- [Data provided]
--- START ---

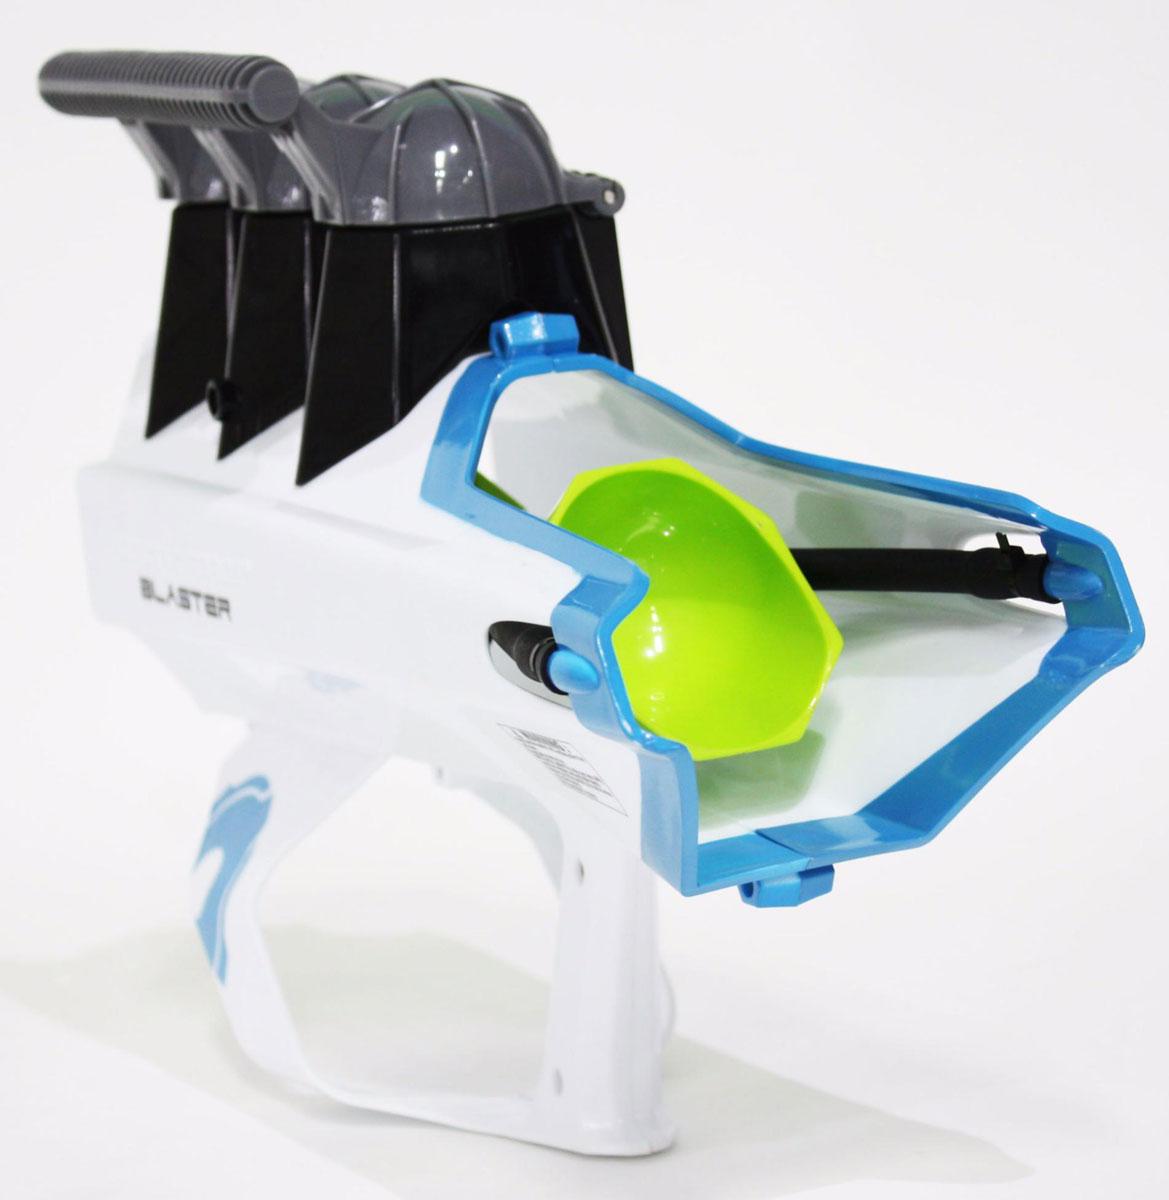 СнежкоБластер Тройной SnowBall Blaster, SB-38135 snowball
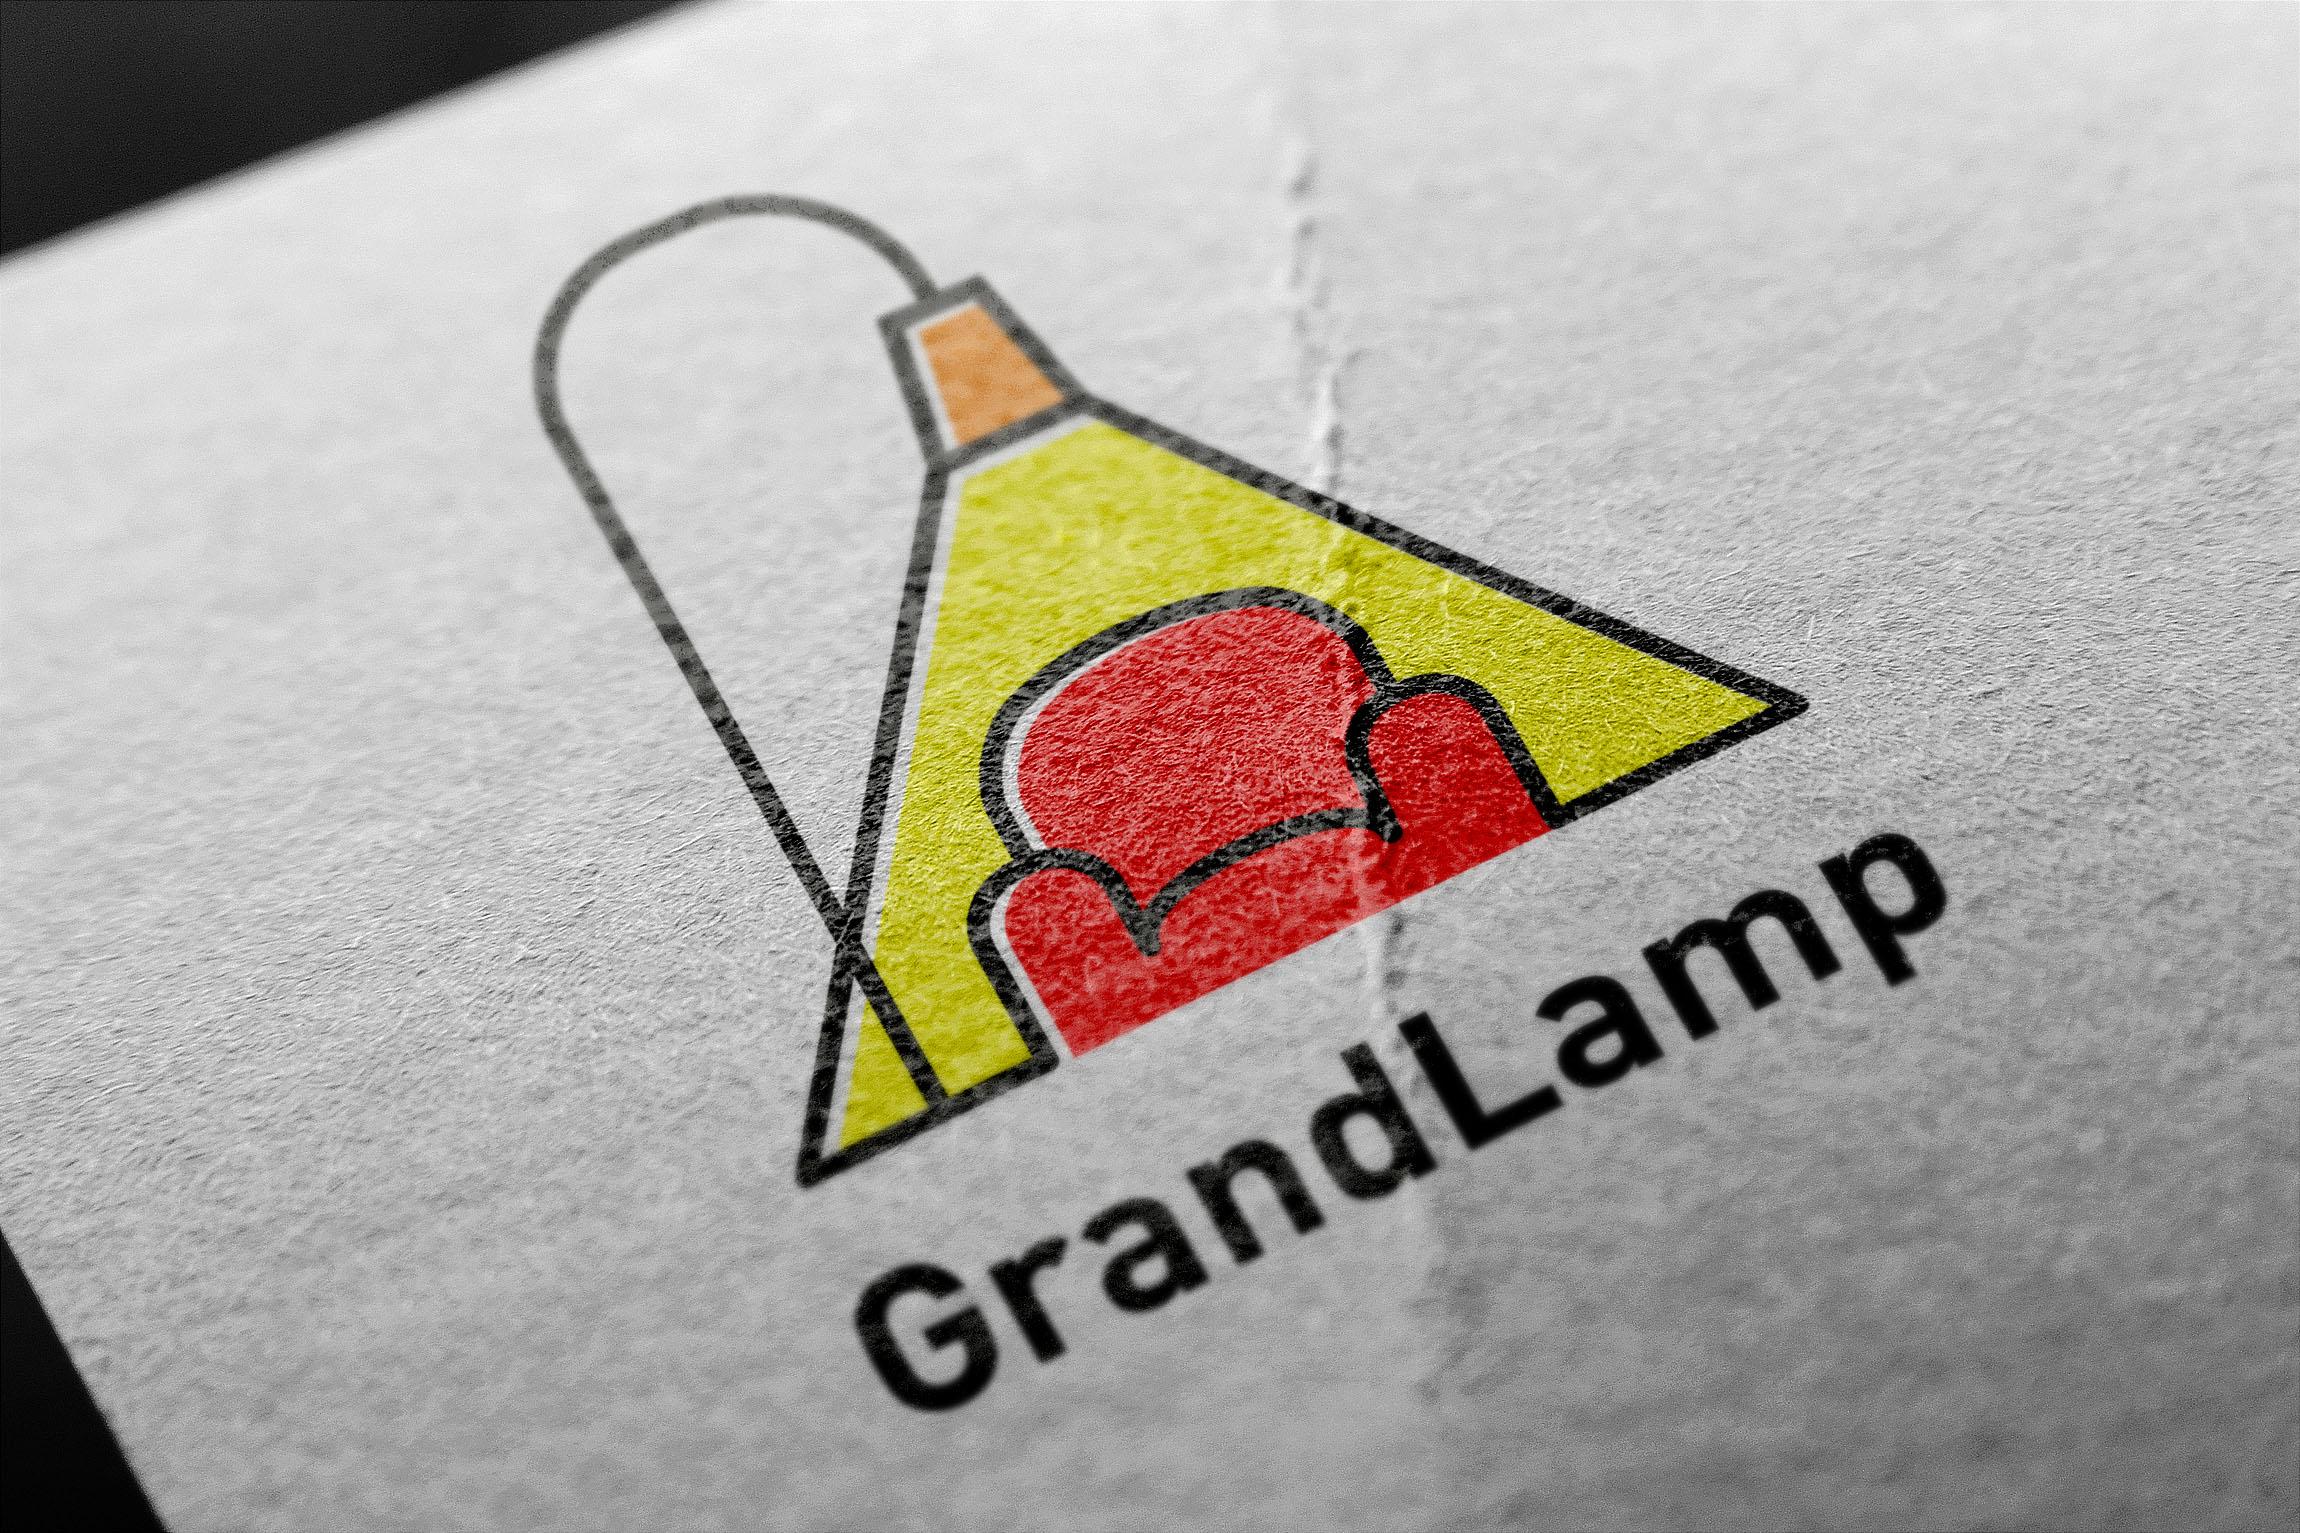 Разработка логотипа и элементов фирменного стиля фото f_27357df078b09771.jpg
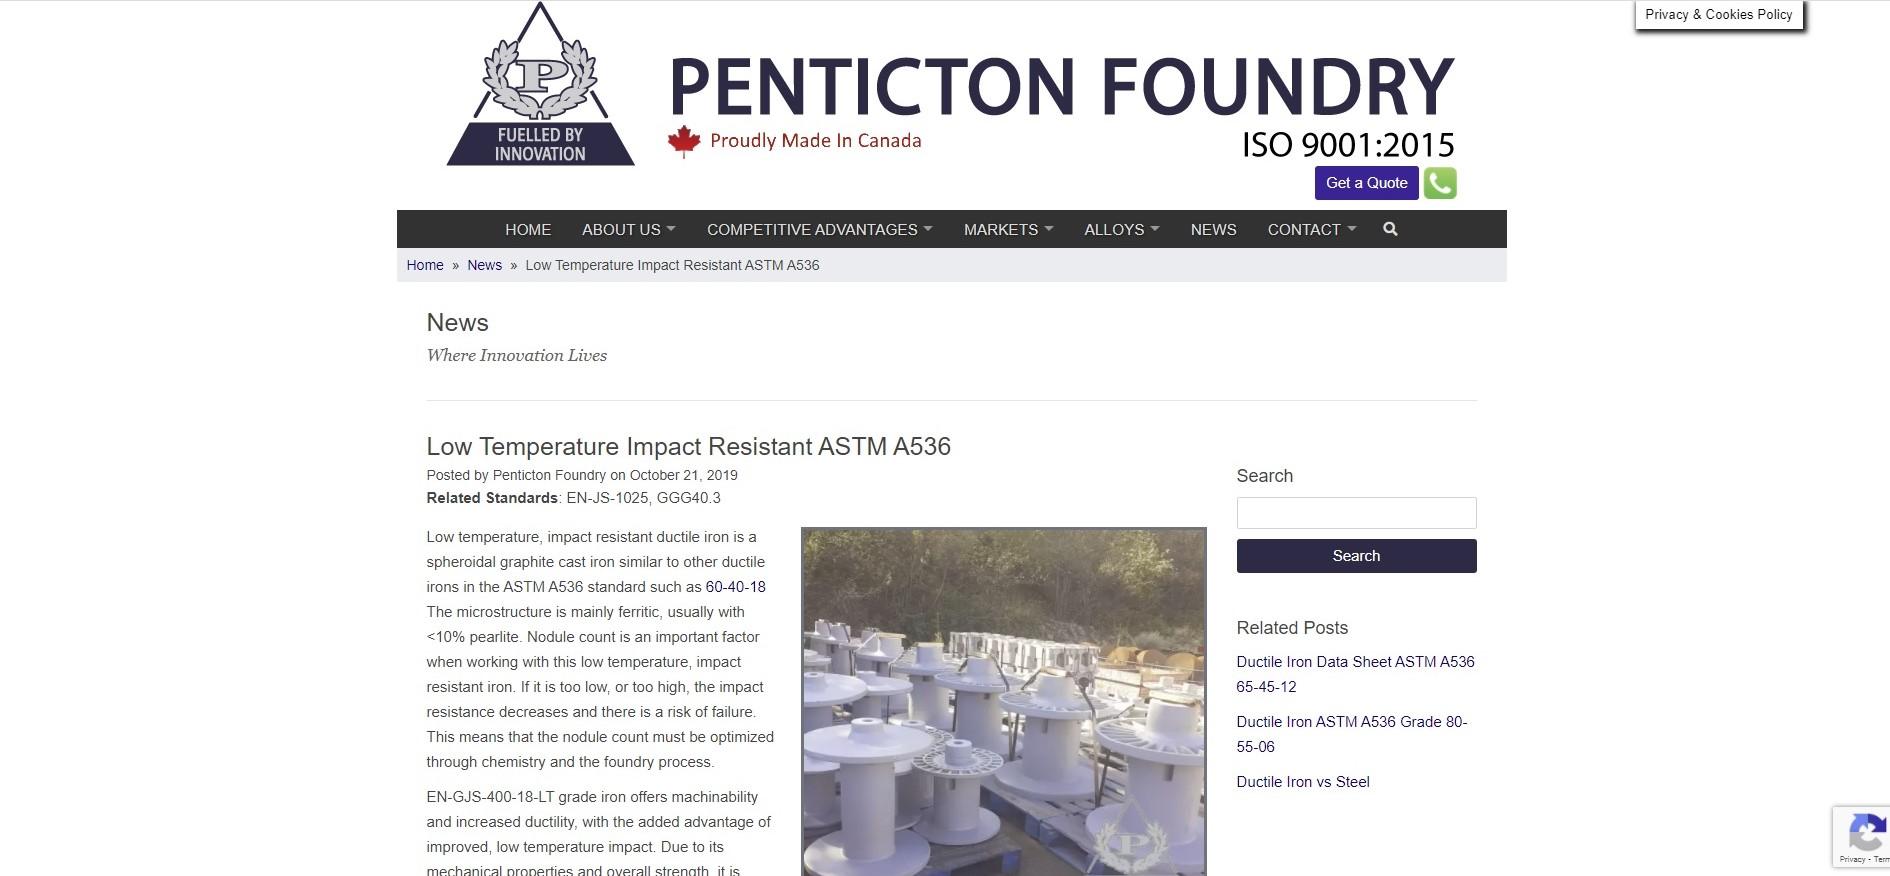 https://www.pentictonfoundry.com/news/low-temperature-impact-resistant-astm-a536/

--- END ---

Dropping every picture, restate the material word for word.

 СнежкоБластер Тройной SnowBall Blaster, SB-38135 snowball
 Разработка логотипа и элементов фирменного стиля фото f_27357df078b09771.jpg
 https://www.pentictonfoundry.com/news/low-temperature-impact-resistant-astm-a536/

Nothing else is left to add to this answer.